Repeat the lines from the line with "Фото - Вітаміни" to the line with "AI-assisted Image of navy ships at sea" in the listing below, keeping both end lines and adding nothing.
====== STUDY MATERIAL
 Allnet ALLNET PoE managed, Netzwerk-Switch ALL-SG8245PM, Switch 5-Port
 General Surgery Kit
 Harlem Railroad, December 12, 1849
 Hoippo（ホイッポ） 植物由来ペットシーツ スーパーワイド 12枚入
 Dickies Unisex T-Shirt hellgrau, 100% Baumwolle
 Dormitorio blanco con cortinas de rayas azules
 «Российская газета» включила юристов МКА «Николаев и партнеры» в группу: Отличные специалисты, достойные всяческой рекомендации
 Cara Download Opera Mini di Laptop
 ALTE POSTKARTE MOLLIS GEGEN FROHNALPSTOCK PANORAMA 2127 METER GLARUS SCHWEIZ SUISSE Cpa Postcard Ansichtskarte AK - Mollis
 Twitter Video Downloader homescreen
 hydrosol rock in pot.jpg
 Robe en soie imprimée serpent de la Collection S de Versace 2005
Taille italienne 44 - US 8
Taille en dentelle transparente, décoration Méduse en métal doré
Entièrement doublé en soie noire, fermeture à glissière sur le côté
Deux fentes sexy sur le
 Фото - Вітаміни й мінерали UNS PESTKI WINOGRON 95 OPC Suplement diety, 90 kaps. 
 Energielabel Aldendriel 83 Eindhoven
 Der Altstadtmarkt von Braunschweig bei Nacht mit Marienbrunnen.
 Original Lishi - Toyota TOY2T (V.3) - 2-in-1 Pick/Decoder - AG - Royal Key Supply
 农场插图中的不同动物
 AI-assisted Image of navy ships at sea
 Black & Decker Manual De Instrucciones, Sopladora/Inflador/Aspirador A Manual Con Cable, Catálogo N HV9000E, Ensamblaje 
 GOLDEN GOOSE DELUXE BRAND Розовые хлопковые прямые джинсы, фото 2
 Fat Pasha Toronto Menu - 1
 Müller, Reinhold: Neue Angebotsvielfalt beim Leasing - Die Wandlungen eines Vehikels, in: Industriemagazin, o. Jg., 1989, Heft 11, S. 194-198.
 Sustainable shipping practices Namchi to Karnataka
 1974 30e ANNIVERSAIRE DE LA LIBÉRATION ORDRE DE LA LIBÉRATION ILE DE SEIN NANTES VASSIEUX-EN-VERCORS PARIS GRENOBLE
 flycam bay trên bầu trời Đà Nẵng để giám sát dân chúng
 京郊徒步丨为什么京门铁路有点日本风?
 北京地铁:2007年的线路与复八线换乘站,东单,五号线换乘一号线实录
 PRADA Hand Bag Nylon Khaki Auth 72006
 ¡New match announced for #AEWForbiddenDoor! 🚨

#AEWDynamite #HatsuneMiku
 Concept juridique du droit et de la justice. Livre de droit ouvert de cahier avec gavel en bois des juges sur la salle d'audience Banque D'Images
============
• **TASK ANSWER**:
 Фото - Вітаміни й мінерали UNS PESTKI WINOGRON 95 OPC Suplement diety, 90 kaps. 
 Energielabel Aldendriel 83 Eindhoven
 Der Altstadtmarkt von Braunschweig bei Nacht mit Marienbrunnen.
 Original Lishi - Toyota TOY2T (V.3) - 2-in-1 Pick/Decoder - AG - Royal Key Supply
 农场插图中的不同动物
 AI-assisted Image of navy ships at sea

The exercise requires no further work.